UA Steel made the trip to Trinidad, the birthplace of steel pan, in January to partake in Panorama, a steel drum competition. Although the group did not compete, their experience was enriched by following a Trinidadian group, The Invaders, as well as by playing at their Carnivale celebration.

"It was like a study abroad program, but all in one week," said director and music graduate student Mike Sammons.

For political science junior Erin Schillings this trip to Trinidad was her second. She said the trip was extremely helpful for the band's live performances.

"It was so amazing to go as a group, because we learned so much and we learned it together. The next gig after we got back was the best gig," Schilling said.

UA Steel is a group of variety, whatever its members backgrounds, musical abilities and reasons for joining.

Fox Felton, a senior majoring in English and creative writing, began playing steel drum in high school to honor the memory of a friend who had passed away. He says he loves steel drum because it allowed him to play an instrument without much of a music background.

"You don't have to know everything about music before getting into it. I mean I'm an English major, I'm worried about where commas go," Felton said. "It's an easy instrument to learn. It allows me to express myself."

A steel drum ensemble is much like a vocal or instrumental ensemble in that it consists of seven levels of musical ranges.

The highest part, called the lead pan, is one average 55-gallon drum with 29 notes. The second part is double tenor, then double second. The cell section consists of suspended quads. Thee bass section, which consists of six pans with three notes each, creates 18 notes. All drums are played with a handmade, rubber-ended mallet.

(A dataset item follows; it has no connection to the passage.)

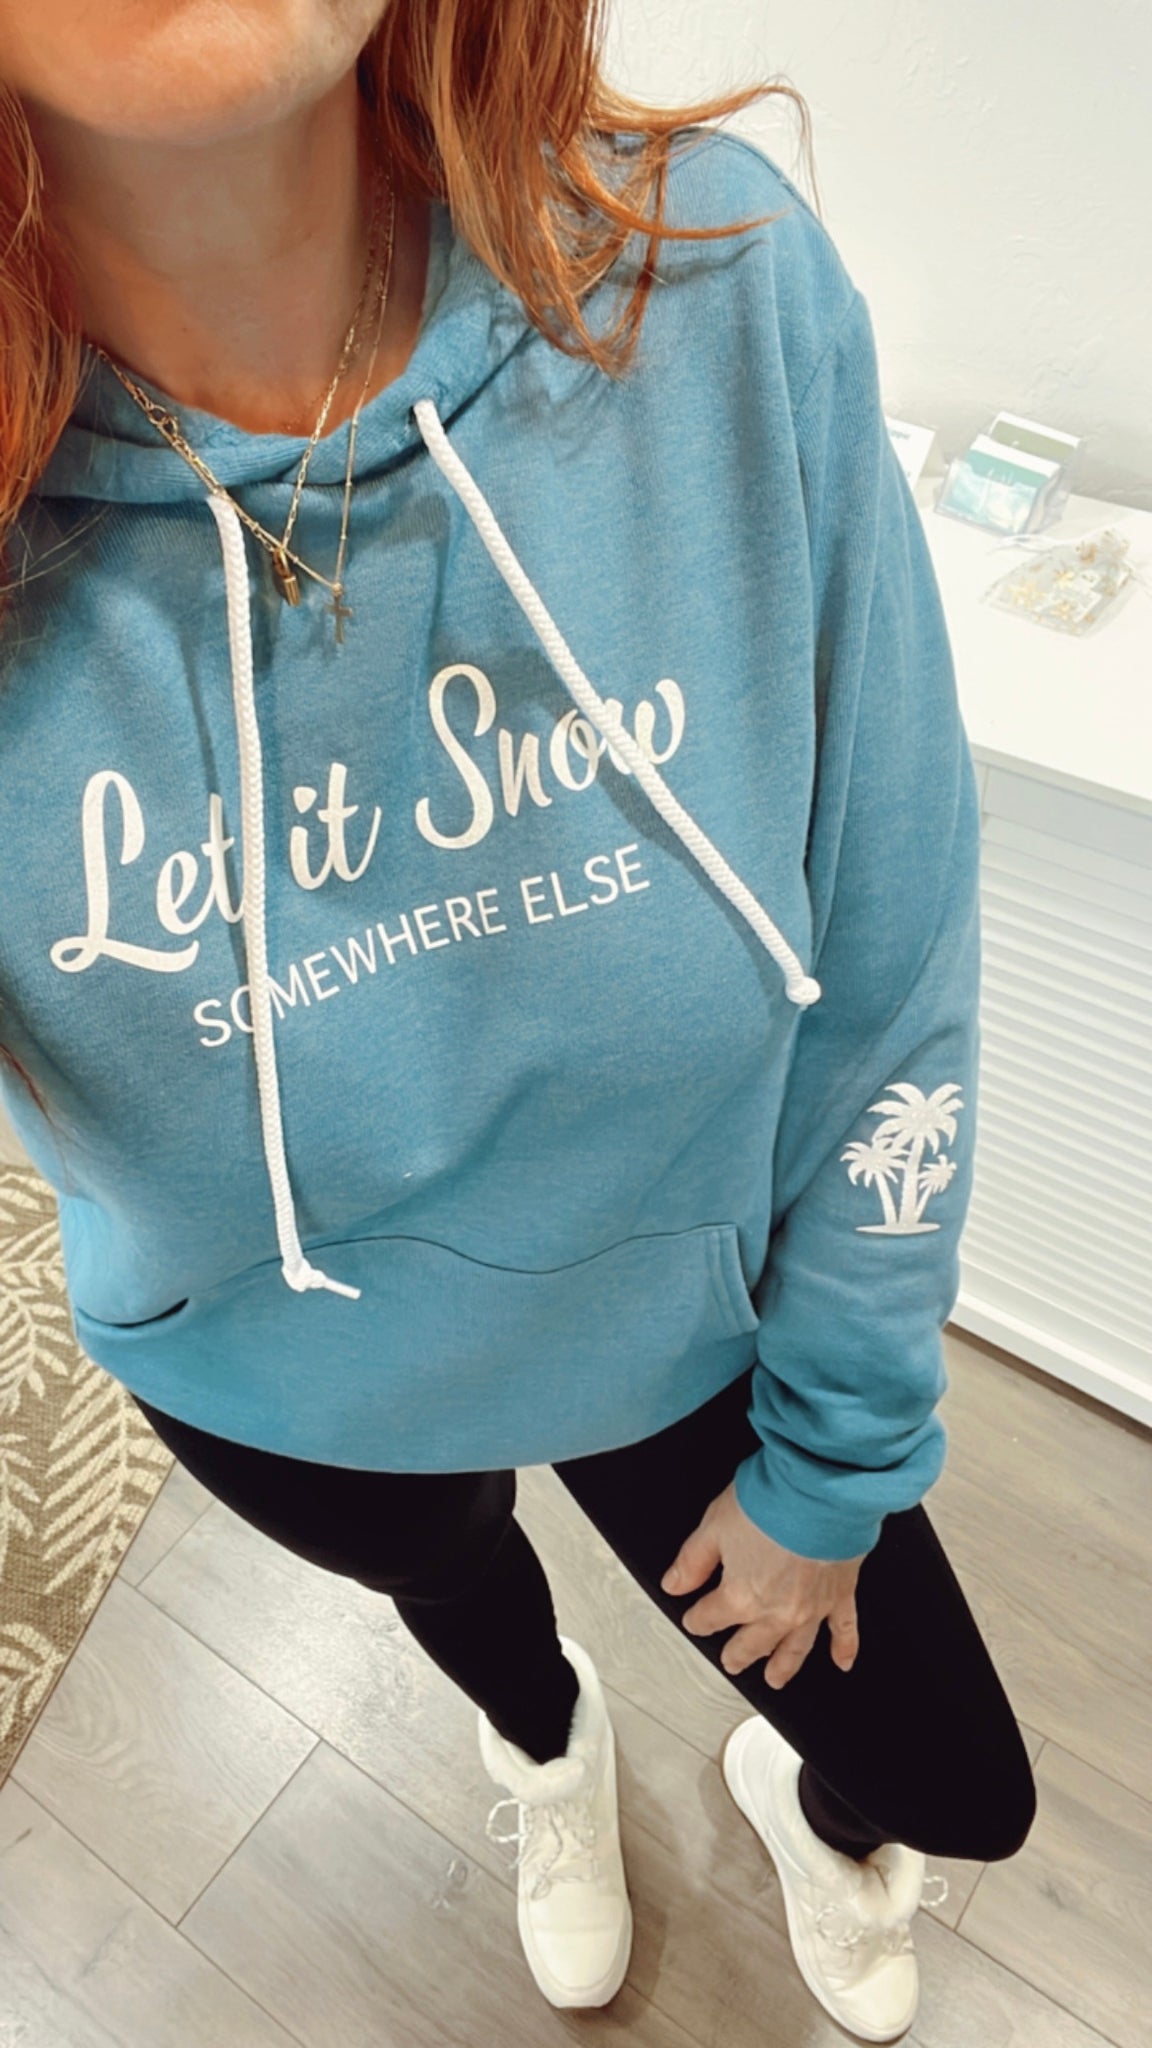 Let it Snow… somewhere else Hoodie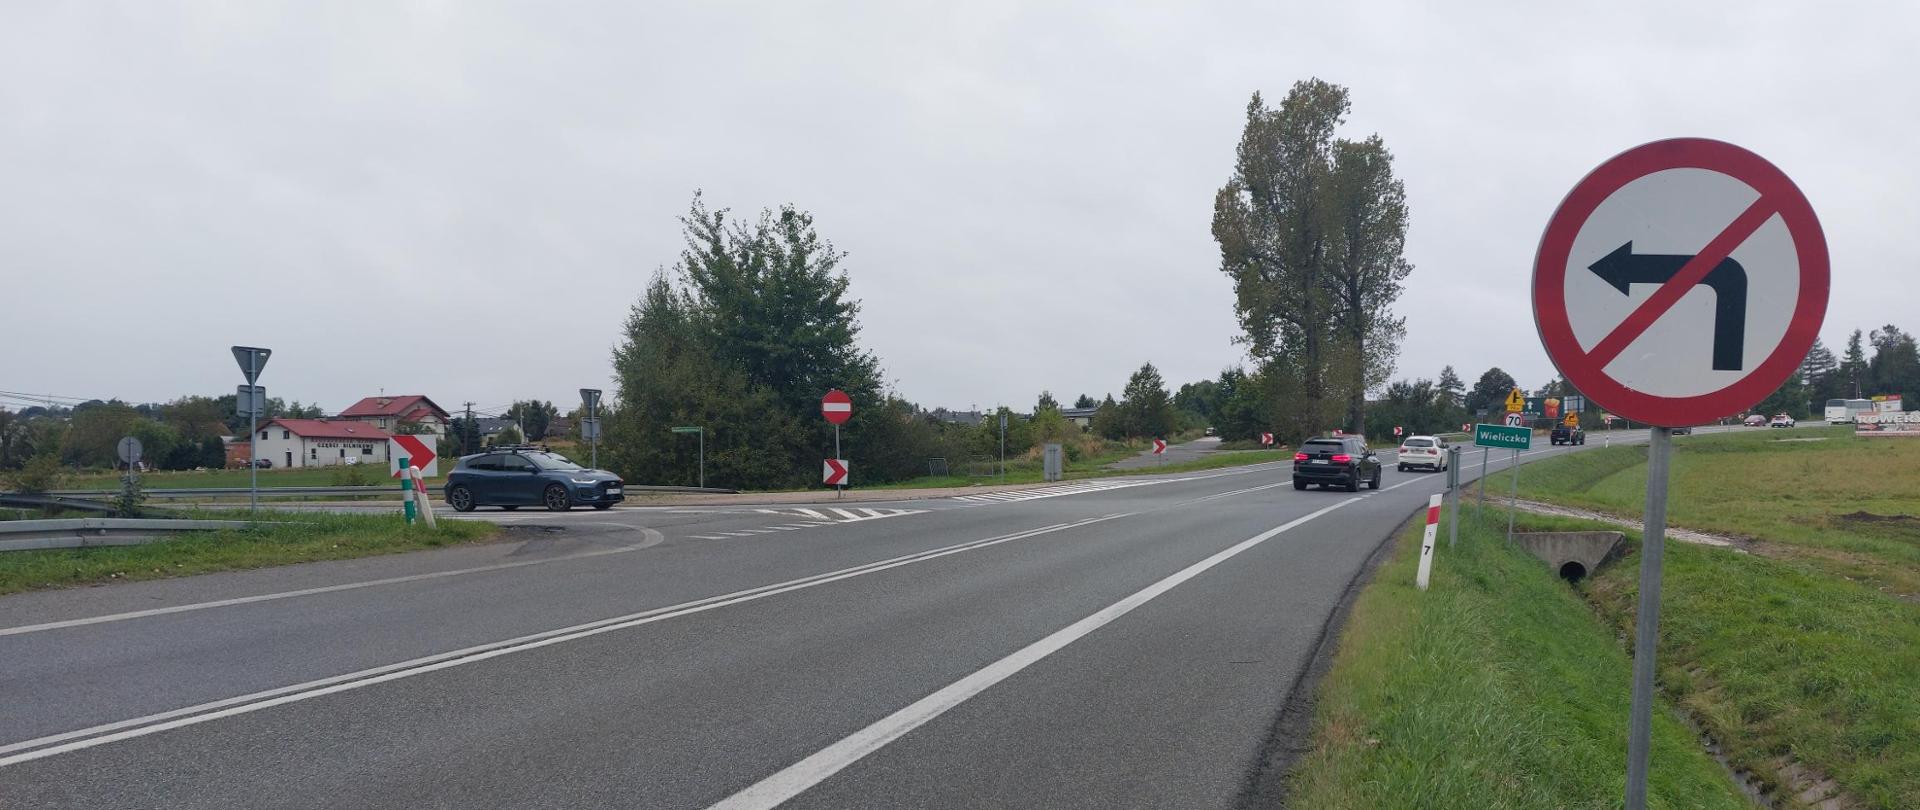 Zdjęcie przedstawia skrzyżowanie. Na pierwszym planie po prawej stronie znajduje się znak z zakazem skrętu w lewo. Widać tablicę z nazwą miejscowości - Wieliczka

The class meets three hours a week, but students only receive one credit.

The program, which began in 1987 at the insistence of UA alumnus Janine Remy, was the first collegiate steel drum program in the state. There are now programs at high schools and grade schools throughout the city.

In addition to class rehearsals, the band generates revenue for the program by playing gigs about every other week.

"We'll play anything from rock to classical music. We will entertain with anything that works well with the instruments," Cook said.

Schilling said that one of the great things about steel drum is that it's so physical, which makes the songs easy to remember.

"It's the funnest experience you'll ever go through. It's like a party every night we rehearse," Schilling said.

UA Steel and Blue Band, the beginning steel drum band, will perform Sunday at 3 p.m. at Crowder Hall. For tickets call the music box office at 621-1162. Tickets cost $9, $7 for UA employees and seniors, and $5 for students.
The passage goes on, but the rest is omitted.